Instructions to follow:
List each line of the data that holds the string "Stock", please.

------------------------------------------------------------------------

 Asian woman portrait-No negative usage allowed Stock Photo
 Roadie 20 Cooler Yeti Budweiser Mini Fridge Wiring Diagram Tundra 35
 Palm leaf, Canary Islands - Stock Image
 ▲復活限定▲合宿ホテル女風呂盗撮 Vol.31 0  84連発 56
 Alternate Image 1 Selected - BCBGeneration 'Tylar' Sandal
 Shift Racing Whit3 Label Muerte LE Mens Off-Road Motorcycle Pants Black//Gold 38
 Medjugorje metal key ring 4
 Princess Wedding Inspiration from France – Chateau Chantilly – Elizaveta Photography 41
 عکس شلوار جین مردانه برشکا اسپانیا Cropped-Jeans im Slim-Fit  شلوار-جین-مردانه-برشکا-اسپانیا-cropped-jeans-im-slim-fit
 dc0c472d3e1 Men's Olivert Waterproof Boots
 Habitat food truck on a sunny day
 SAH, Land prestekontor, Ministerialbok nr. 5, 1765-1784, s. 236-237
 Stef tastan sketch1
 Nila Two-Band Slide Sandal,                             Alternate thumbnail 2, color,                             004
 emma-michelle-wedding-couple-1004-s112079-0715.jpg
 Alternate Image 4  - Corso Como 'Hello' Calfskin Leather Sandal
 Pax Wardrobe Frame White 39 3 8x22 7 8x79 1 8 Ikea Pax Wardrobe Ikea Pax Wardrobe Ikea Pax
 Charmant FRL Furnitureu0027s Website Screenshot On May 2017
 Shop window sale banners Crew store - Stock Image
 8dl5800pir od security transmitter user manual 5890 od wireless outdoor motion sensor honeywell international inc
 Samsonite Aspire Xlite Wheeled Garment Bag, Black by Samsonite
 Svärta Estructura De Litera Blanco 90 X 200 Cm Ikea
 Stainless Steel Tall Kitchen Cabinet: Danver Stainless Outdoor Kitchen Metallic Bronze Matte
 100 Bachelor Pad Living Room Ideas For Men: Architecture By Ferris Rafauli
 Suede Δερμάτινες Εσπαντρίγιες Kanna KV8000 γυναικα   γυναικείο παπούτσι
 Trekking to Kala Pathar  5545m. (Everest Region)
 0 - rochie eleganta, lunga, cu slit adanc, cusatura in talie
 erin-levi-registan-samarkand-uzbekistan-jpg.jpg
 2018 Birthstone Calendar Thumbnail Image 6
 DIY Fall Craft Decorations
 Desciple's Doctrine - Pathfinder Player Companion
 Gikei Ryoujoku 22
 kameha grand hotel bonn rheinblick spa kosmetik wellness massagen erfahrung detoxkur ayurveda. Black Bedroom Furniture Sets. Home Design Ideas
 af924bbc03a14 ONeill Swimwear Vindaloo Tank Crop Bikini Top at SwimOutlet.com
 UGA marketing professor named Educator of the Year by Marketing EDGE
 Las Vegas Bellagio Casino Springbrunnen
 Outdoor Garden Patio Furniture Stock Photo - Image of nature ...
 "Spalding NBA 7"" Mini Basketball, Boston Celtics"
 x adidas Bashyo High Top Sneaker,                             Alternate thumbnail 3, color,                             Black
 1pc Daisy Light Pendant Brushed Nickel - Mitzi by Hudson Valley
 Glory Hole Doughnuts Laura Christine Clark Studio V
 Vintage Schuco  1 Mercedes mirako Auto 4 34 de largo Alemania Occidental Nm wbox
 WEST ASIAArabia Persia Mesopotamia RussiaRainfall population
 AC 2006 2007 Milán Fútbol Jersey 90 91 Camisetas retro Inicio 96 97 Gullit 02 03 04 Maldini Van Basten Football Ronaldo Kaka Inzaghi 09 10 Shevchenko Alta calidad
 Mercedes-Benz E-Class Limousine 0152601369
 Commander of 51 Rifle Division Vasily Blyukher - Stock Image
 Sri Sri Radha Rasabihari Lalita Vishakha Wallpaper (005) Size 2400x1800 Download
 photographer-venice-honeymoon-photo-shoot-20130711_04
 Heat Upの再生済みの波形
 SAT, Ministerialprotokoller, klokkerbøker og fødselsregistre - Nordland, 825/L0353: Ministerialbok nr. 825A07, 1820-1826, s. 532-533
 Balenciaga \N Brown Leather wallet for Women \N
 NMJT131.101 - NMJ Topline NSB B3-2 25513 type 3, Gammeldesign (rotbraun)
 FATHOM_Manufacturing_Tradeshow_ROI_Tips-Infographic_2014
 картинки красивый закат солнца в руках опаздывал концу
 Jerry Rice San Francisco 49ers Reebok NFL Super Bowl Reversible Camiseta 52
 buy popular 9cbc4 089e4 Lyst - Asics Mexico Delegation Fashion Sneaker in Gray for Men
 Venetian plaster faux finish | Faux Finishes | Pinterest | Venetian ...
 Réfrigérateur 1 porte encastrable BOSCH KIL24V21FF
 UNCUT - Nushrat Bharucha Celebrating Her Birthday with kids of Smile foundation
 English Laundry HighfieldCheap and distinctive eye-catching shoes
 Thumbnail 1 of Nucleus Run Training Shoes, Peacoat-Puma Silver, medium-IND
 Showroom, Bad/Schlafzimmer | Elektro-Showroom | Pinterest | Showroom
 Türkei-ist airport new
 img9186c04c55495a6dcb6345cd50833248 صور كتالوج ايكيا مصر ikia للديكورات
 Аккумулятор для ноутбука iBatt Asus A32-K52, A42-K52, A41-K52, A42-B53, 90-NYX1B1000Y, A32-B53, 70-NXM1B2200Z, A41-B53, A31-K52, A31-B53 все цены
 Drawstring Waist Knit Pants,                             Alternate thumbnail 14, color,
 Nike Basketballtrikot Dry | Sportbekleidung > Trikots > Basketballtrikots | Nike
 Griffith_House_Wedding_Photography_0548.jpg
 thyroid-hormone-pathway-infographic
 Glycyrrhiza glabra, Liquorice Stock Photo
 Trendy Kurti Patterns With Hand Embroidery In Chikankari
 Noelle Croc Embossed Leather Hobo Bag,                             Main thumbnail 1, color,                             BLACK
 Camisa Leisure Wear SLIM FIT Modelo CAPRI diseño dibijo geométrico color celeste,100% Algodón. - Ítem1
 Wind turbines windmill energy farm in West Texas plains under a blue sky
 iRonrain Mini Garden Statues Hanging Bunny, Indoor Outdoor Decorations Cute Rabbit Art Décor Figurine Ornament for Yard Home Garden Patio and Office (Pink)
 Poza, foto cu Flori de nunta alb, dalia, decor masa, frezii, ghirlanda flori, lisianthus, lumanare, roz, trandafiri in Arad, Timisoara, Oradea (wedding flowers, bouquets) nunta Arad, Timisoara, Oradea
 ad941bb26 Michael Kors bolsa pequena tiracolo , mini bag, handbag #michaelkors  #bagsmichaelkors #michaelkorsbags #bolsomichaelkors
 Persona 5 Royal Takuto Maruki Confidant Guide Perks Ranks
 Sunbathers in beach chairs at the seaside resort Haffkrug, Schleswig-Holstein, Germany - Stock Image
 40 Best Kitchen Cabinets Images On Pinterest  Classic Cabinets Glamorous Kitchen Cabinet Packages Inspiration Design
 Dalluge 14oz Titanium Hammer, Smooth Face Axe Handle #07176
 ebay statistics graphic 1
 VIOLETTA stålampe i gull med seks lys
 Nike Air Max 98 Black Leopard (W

------------------------------------------------------------------------

Response to the exercise:
 Asian woman portrait-No negative usage allowed Stock Photo
 Palm leaf, Canary Islands - Stock Image
 Shop window sale banners Crew store - Stock Image
 Outdoor Garden Patio Furniture Stock Photo - Image of nature ...
 Commander of 51 Rifle Division Vasily Blyukher - Stock Image
 Glycyrrhiza glabra, Liquorice Stock Photo
 Sunbathers in beach chairs at the seaside resort Haffkrug, Schleswig-Holstein, Germany - Stock Image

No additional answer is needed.